We are also obliged---for all our sakes---to make sure this never happens again.
In
1980, I reported from central Pennsylvania on what happened to people
there after the accident at Three Mile Island a year before. I
interviewed scores of conservative middle Americans who were suffering
and dying from a wide range of radiation-related diseases. Lives and
families were destroyed in an awful plague of unimaginable cruelty. The
phrase "no one died at Three Mile Island" is one of the worst lies
human beings have ever told.
In 1996, ten years after Chernobyl, I
attended a conference in Kiev commemorating the tenth anniversary of
that disaster. Now, another fifteen years later, a definitive study has
been published indicating a death toll as high as 985,000...so far.
Today we are in the midst of a disaster with no end in sight. At least four reactors are on fire. The utility has pulled all workers from the site, but may now be sending some back in.
The workers who do this are incomparably brave. They remind us, tragically, of some 800,000 Chernobyl "Liquidators." These were Soviet draftees who were sent into that seething ruin for 60 or 90 seconds each to quickly perform some menial task and then run out.
When I first read that number---800,000---I thought it was a typographical error. But after attending that 1996 conference in Kiev, I spoke in the Russian city of Kaliningrad and met with dozens of these Chernobyl veterans. They tearfully assured me it was accurate. They were angry beyond all measure. They had been promised they would not encounter health problems. But now they were dying in droves.
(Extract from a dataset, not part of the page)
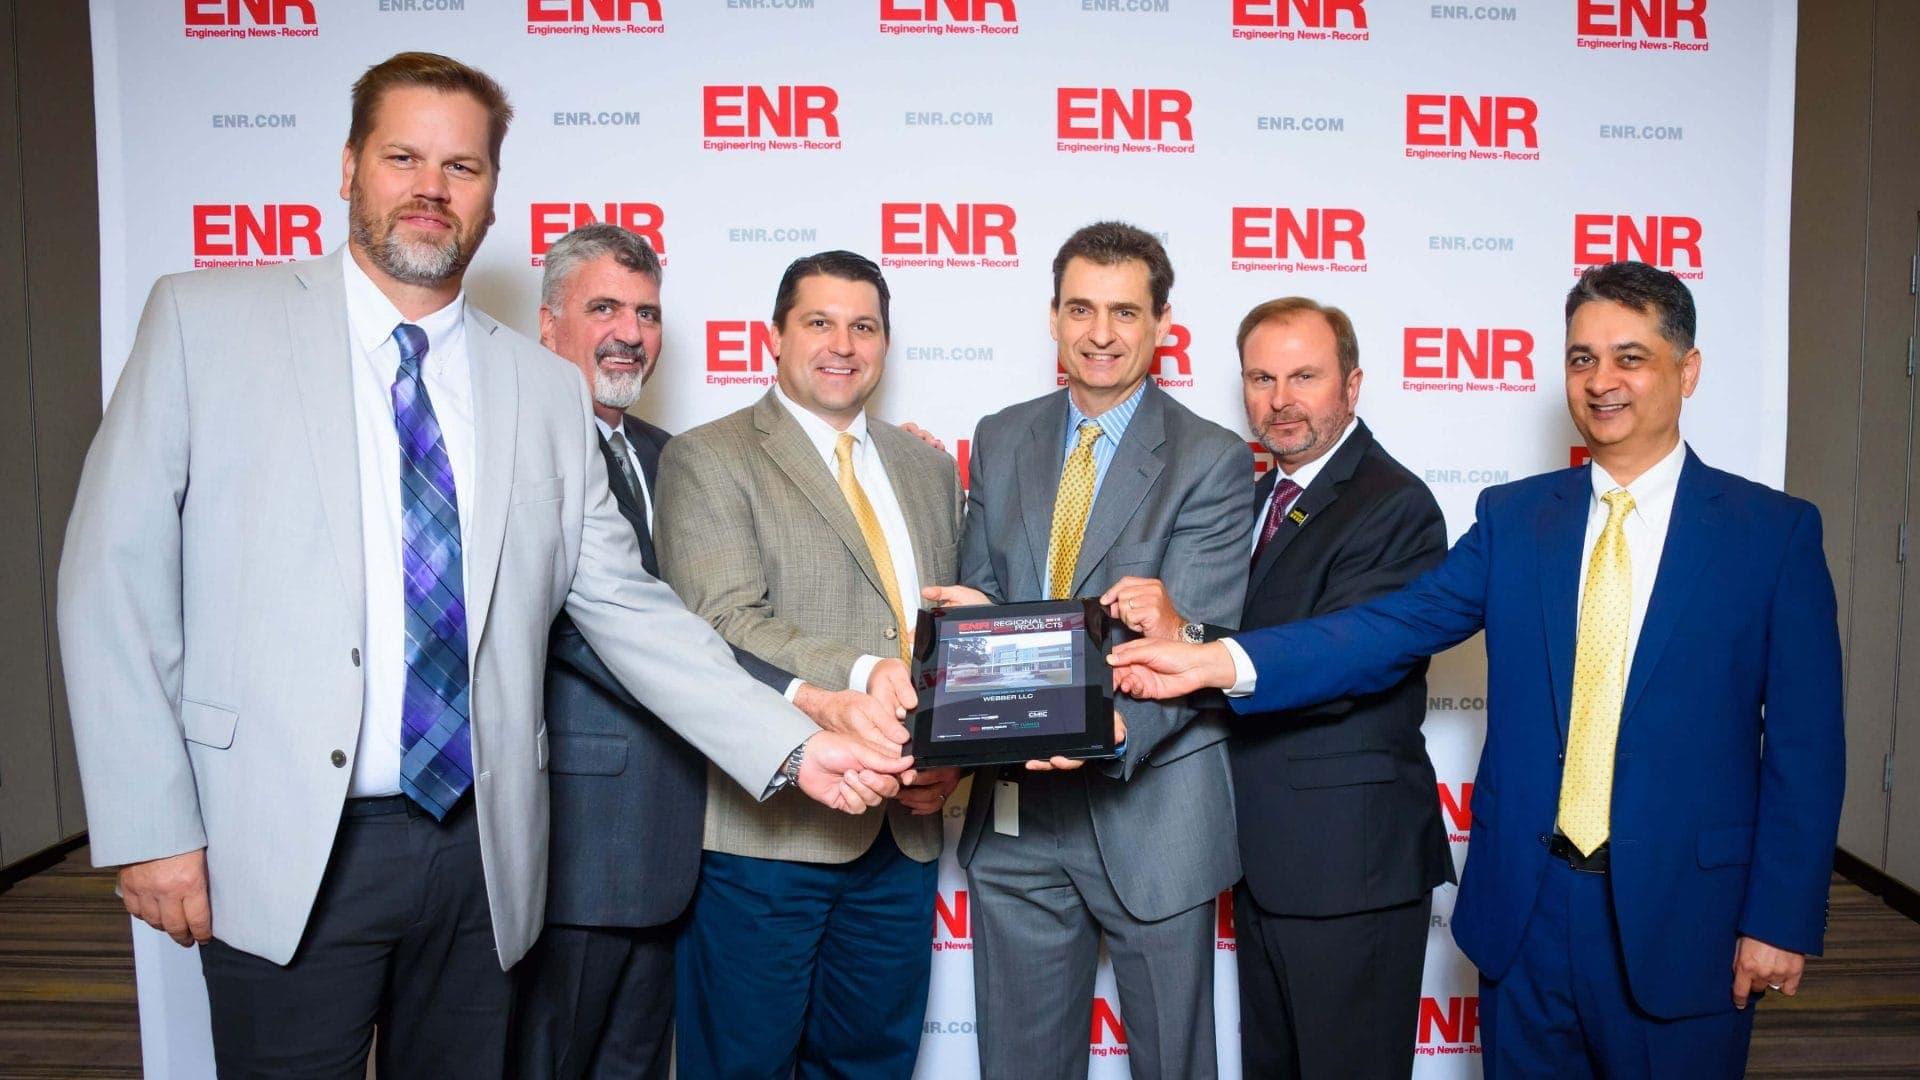 Entrega de premios ENR a Webber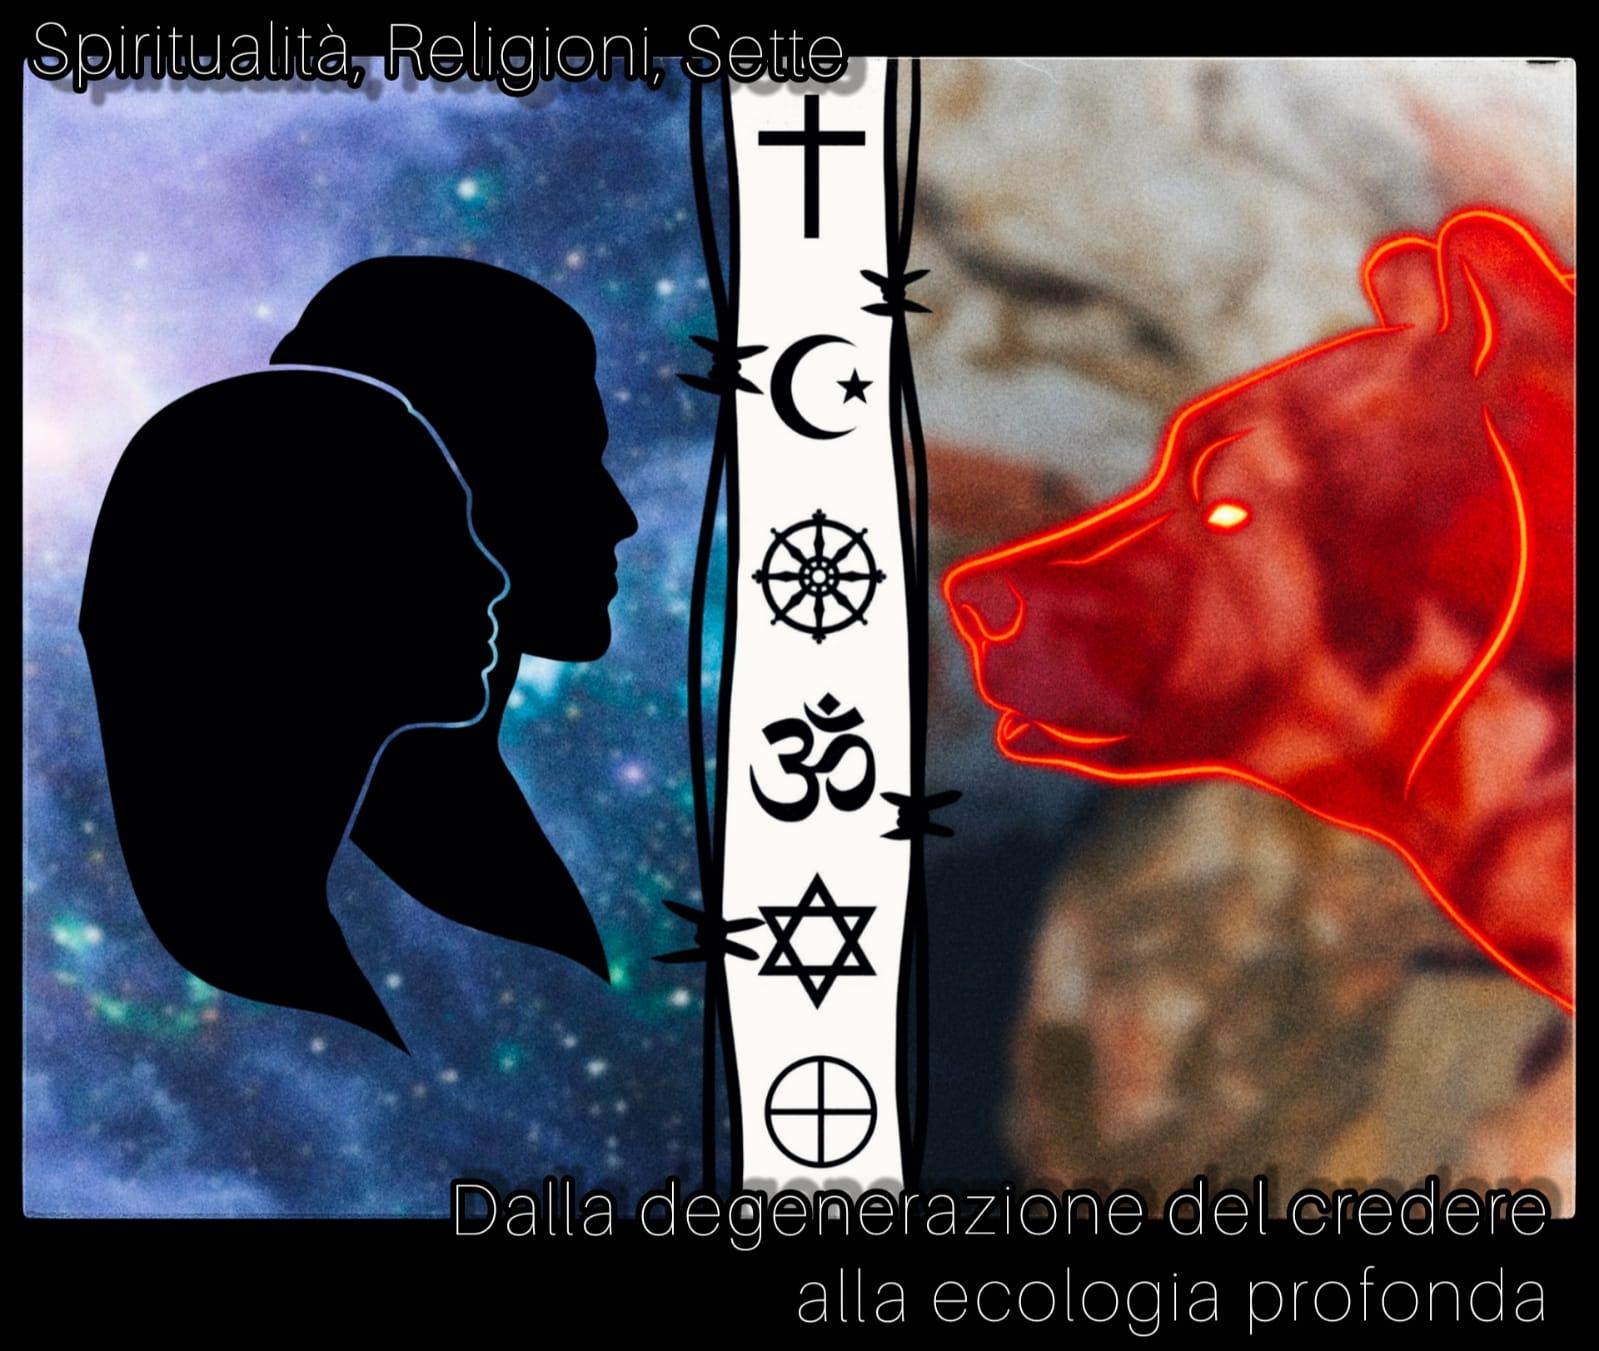 Spiritualità, religioni, sette…dalla degenerazione del credete all'Ecologia Profonda

How many will die at Fukushima we will never know. Never have we faced the prospect of multiple meltdowns, four or more, each with its own potential for gargantuan emissions beyond measure.
If this were happening at just one reactor, it would be cause for worldwide alarm.
One of the units has been powered by Mixed Oxide Fuel. This MOX brew has been heralded as a "swords into ploughshares" breakthrough. It took radioactive materials from old nuclear bombs and turned them into "peaceful" fuel.
It seemed like a neat idea. The benefits to the industry's image were obvious. But they were warned repeatedly that this would introduce plutonium into the burn chain, with a wide range of serious repercussions. Among them was the fact that an accident would spew the deadliest substance ever known into the atmosphere. If breathed in, the tiniest unseen, untasted particle of plutonium can cause a lethal case of lung cancer.
But like so many other warnings, the industry ignored its grassroots critics. Now we all pay the price.
For 25 years the nuclear industry has told us Chernobyl wasn't relevant because it was Soviet technology. Such an accident "could not happen here."
But today it's the Japanese. If anything, they are better at operating nuclear reactors than the Americans. Japanese companies own the Westinghouse nuclear division, whose basic design is in place throughout France. Japanese companies also own the GE nuclear division. Among others, 23 of their US reactors are extremely close or virtually identical in design to Fukushima I, now on fire.
Jeffrey Immelt, head of GE, is one of the many heavy corporate hitters now advising Barack Obama. Obama says (so far) that he has no intention of changing course in nuclear policy. That apparently includes a $36 billion new reactor loan guarantee giveaway in the 2012 budget. Energy Secretary Steven Chu has made clear he considers the situation at US reactors very different from those in Japan. Essentially, he says, "it can't happen here."
Chu and others keep saying that our choice is between nukes and coal, that atomic energy somehow mitigates global warming. This is an important sticking point for millions of concerned citizens, and an important and righteous legion of great activists, who see climate chaos as the ultimate threat.